I've been using PBX's sister program GameEx for a long time. I'm sure they use similar code for rendering. I have never had to assist anyone with any such problem. You're suggesting a check be put in place for a one in a million error.

That aside, yes, you did report the bug. I know Tom real well, and I'm sure he's got a really sensible reason why he can't trap this exception or he would. Or he would probably log out the exception thrown as opposed to crashing out. A MsgBox would steal the programs focus since its a dialog window, I can only imagine how well that would go over. Or even closing gracefully, there would still be users who can't figure out why it's closing itself every time it gets to Pinbot in the list. And they still won't post a log when they report it.

I'm sorry that I don't "understand" how these things "work", but if it were me I would just do "something" on my own that would validate all my images, and then put it out for the whole community to use... It wouldn't take long at all to do program something to try a conversion attempt on all your images and delete the ones that throw an exception, and would really make it easier to help guarantee the crashing stops.
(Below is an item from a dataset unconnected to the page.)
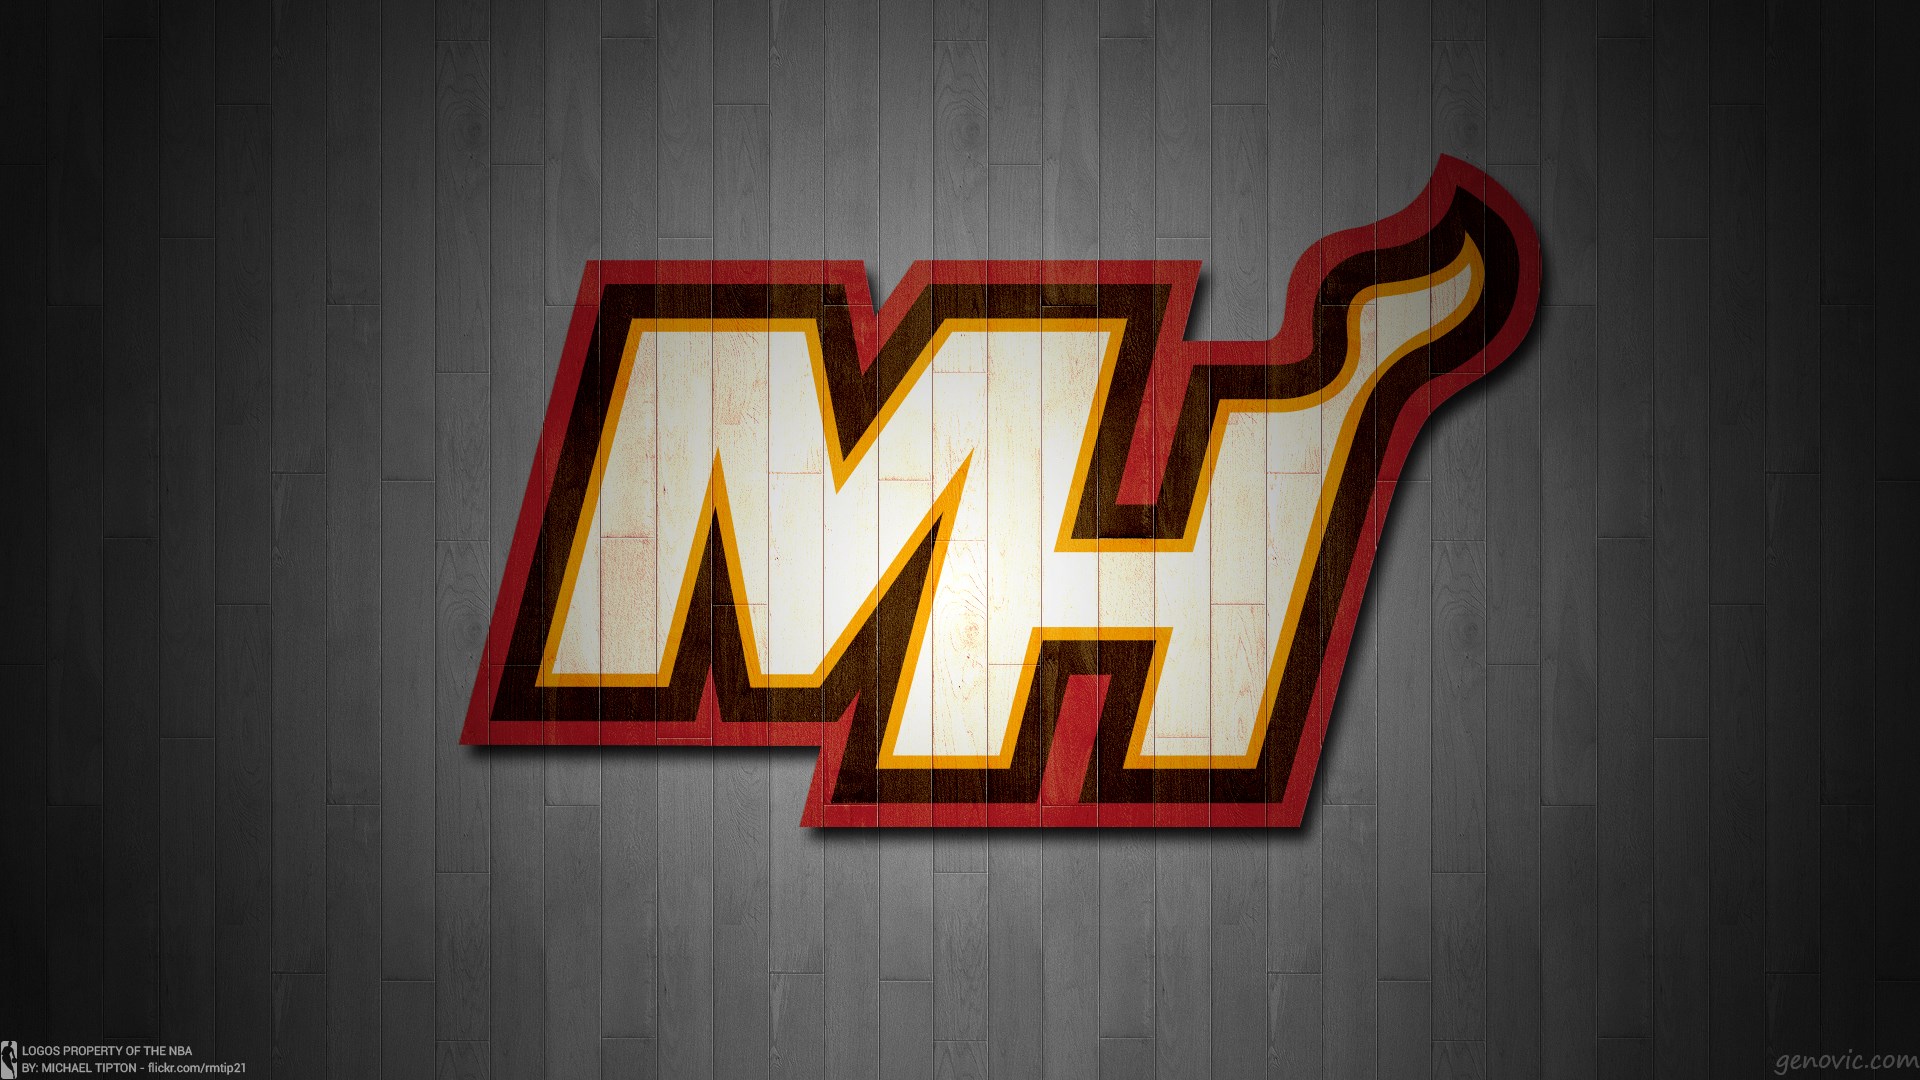 Miami Heat Wallpaper Logo Image

No offense, but I still think validating every image as it "goes by" is still a waste of cpu cycles when the user could pretty much discern the image at fault by when the crash comes, much like you did on your setup. ;)

Posted

Just as a point of reference. ;)

I understand what you're saying; catching the exception and handling this exception in a graceful fashion doesn't seem like it would be a big deal, but OTOH none of us are the architect for PinballX. If Tom says it can't (or won't) be done, I can assure you that it's not because he's dragging his feet or trying to "stick it to the user base". Thanks for reporting the issue, and I'm sure Tom thoroughly looked into the issue before reporting back.
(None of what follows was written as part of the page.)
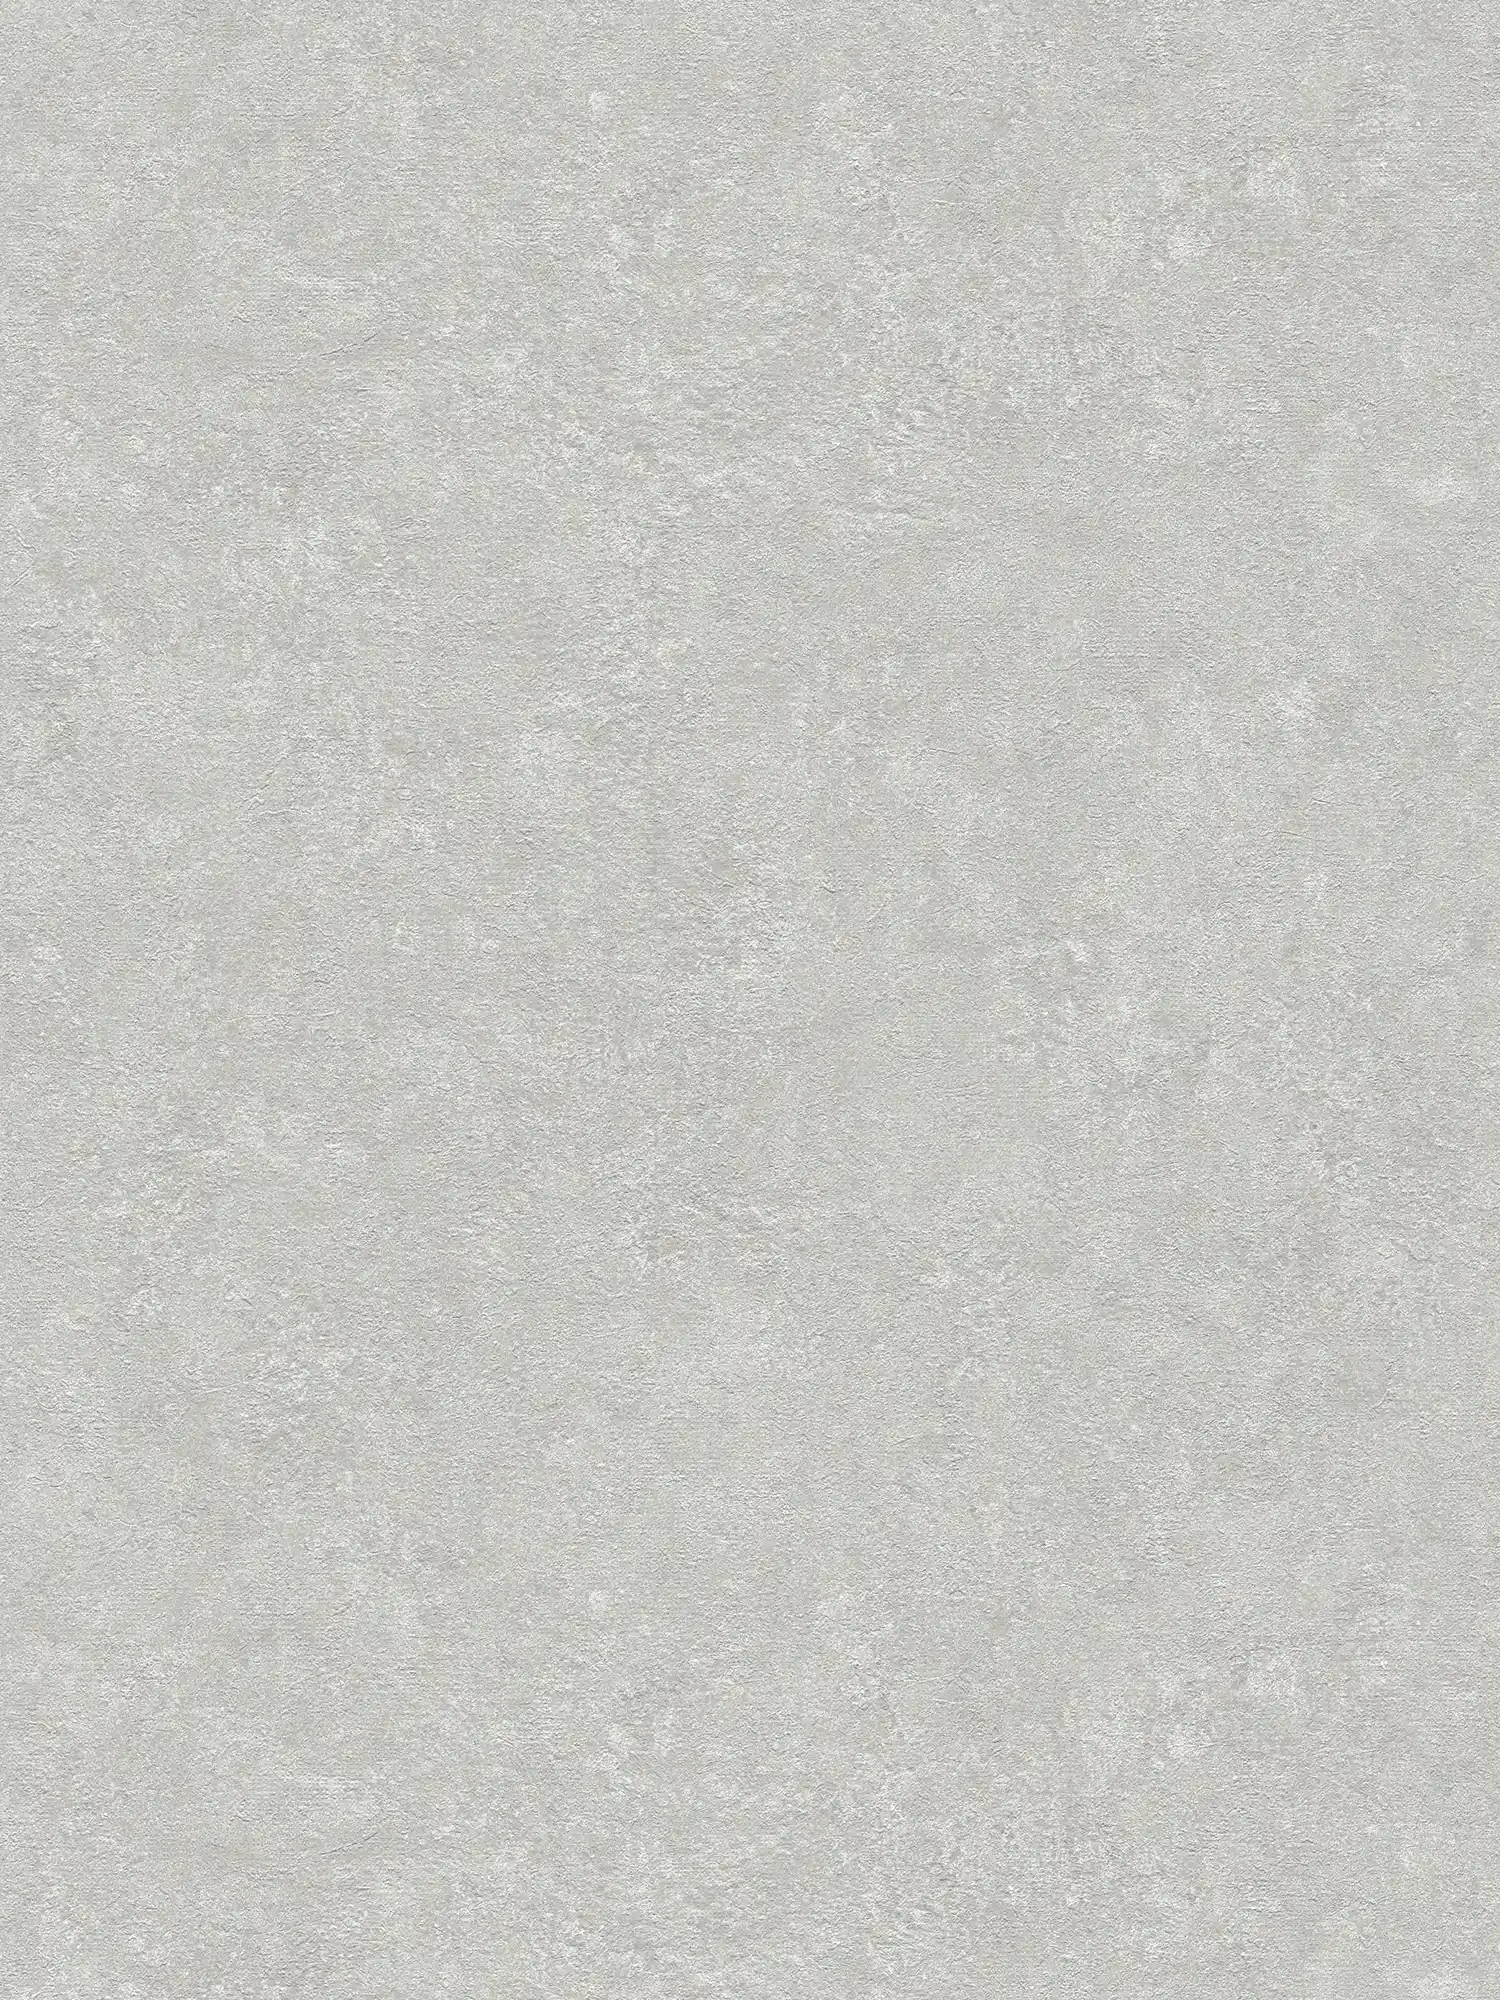         Metalloptik Tapete mit Rost-Akzenten im Industrial Style – Grau

Just because I can be pretty daft at times you'll have to humor me - what purpose do these zero length images serve anyway? Wouldn't a 1px transparent PNG be preferable under most circumstances?

Posted

It was just for performance reasons. I don't want the app to have to handle lots of corrupt images. However I have implemented a fix for the next version where the exception will only happen once per loaded list per corrupt image.

Posted

Just because I can be pretty daft at times you'll have to humor me - what purpose do these zero length images serve anyway? Wouldn't a 1px transparent PNG be preferable under most circumstances?
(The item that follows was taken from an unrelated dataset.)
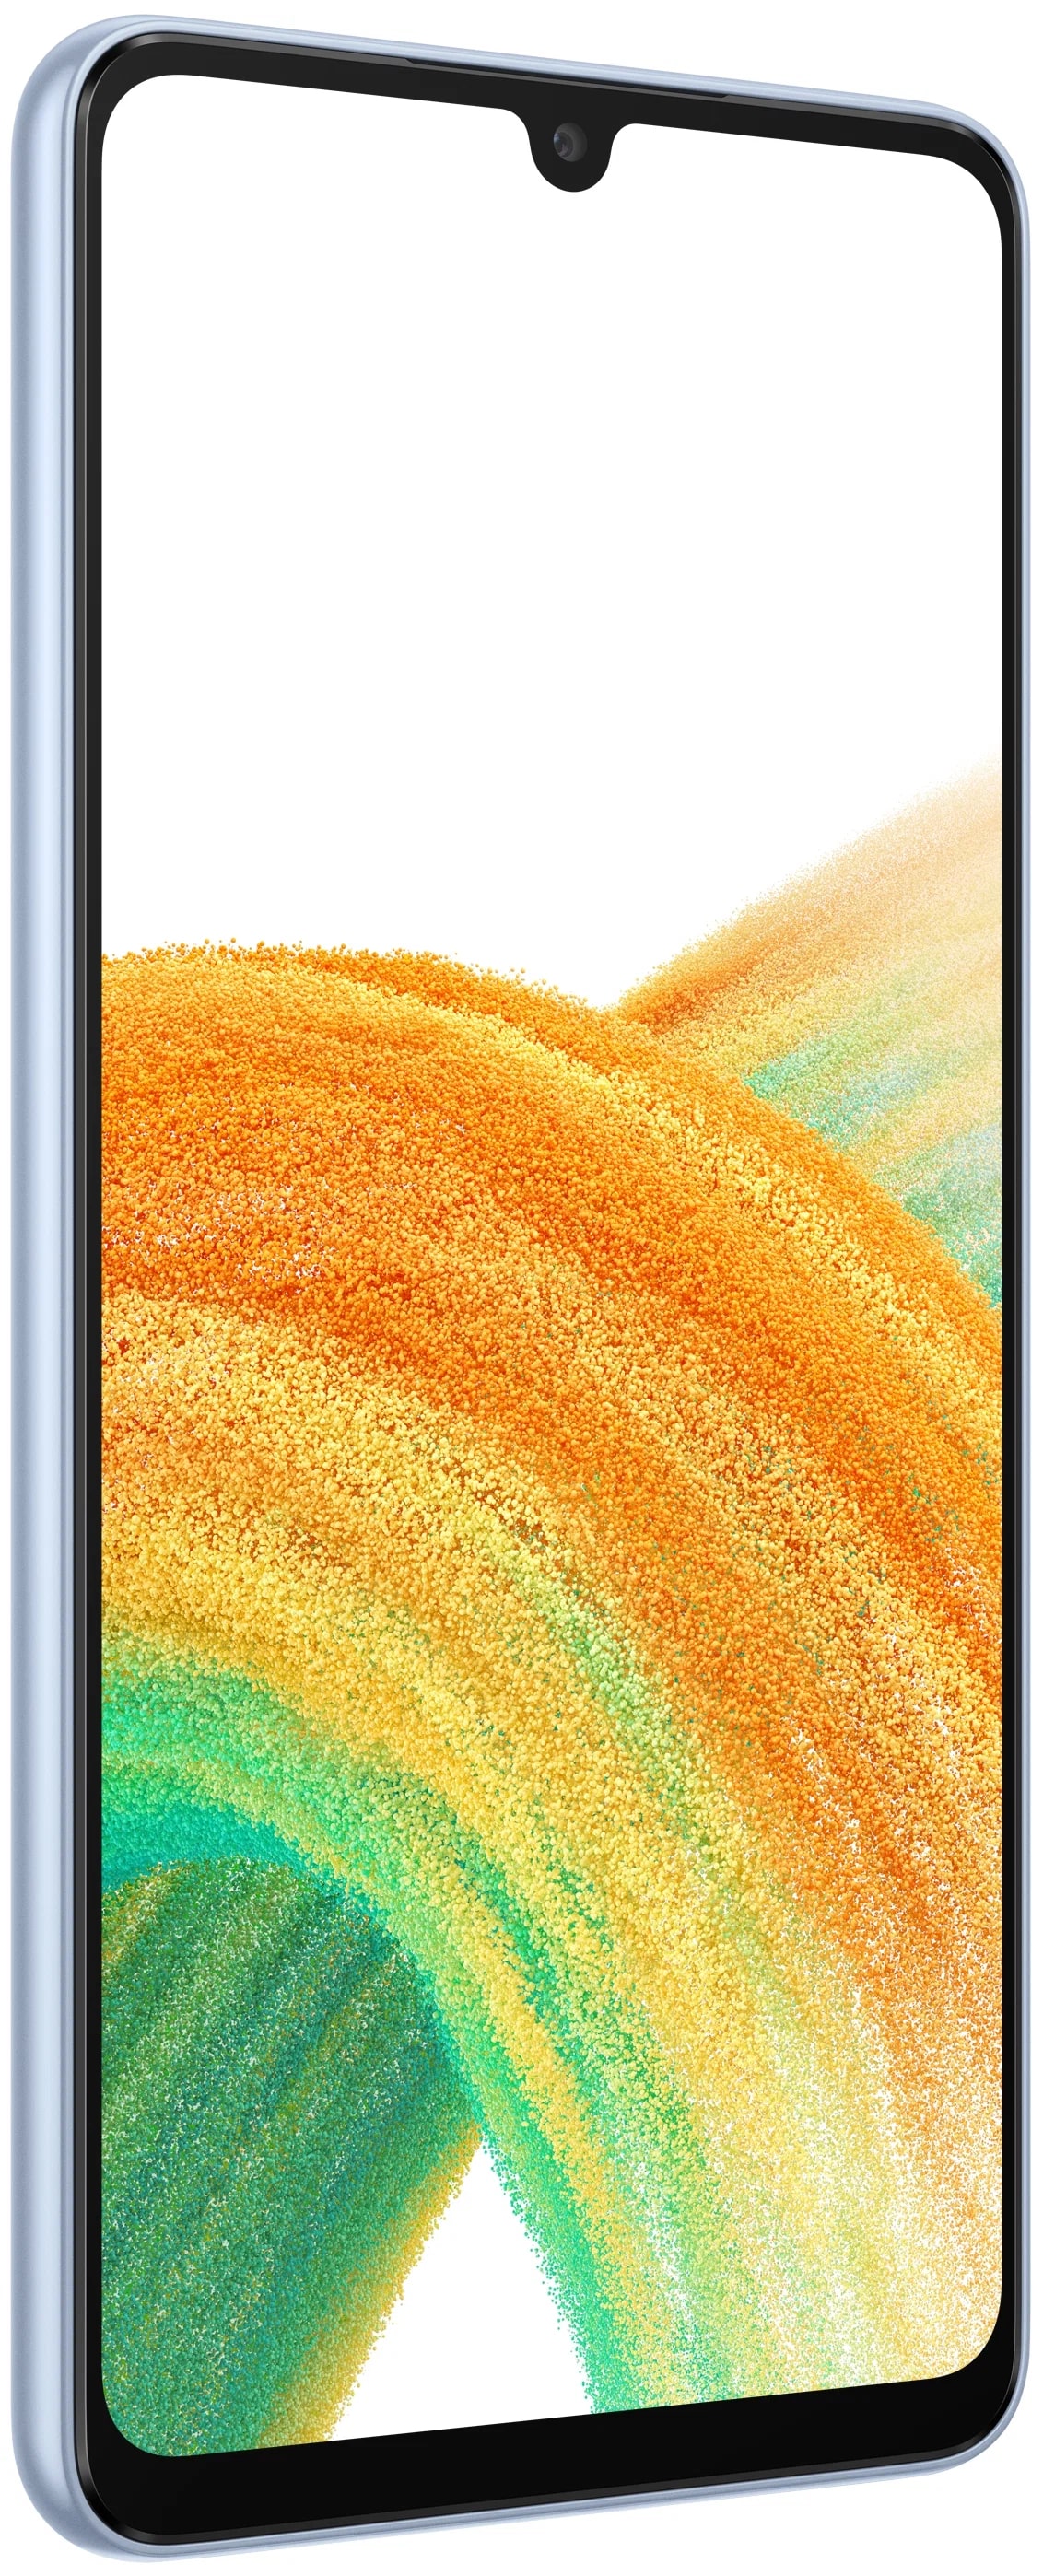 Телефон Samsung Galaxy A33 6+ 128Gb голубой (6 месяцев)

My zero based image was due to a file transfer failure. Completely unintentional. But this would occur on any image that System..Bitmap couldn't detect as a legit image; thus why I wanted to report the bug. It really could throw the non-technical folks who can't debug things into a tizzy and keep them away from using PinballX. Why would you want to scare folks away from the best front end due to a minor issue....

Posted

@Jagger1973 - Please test the next version to confirm working correctly for you. I understand your passion for the front end and your concerns/frustration with the error you received, however, please understand that we are equally passionate about providing a top-notch product and giving of our time to support it and try to troubleshoot. Your response to Tom and Adultery was a bit off-putting and could be construed as insulting - hence the responses you received.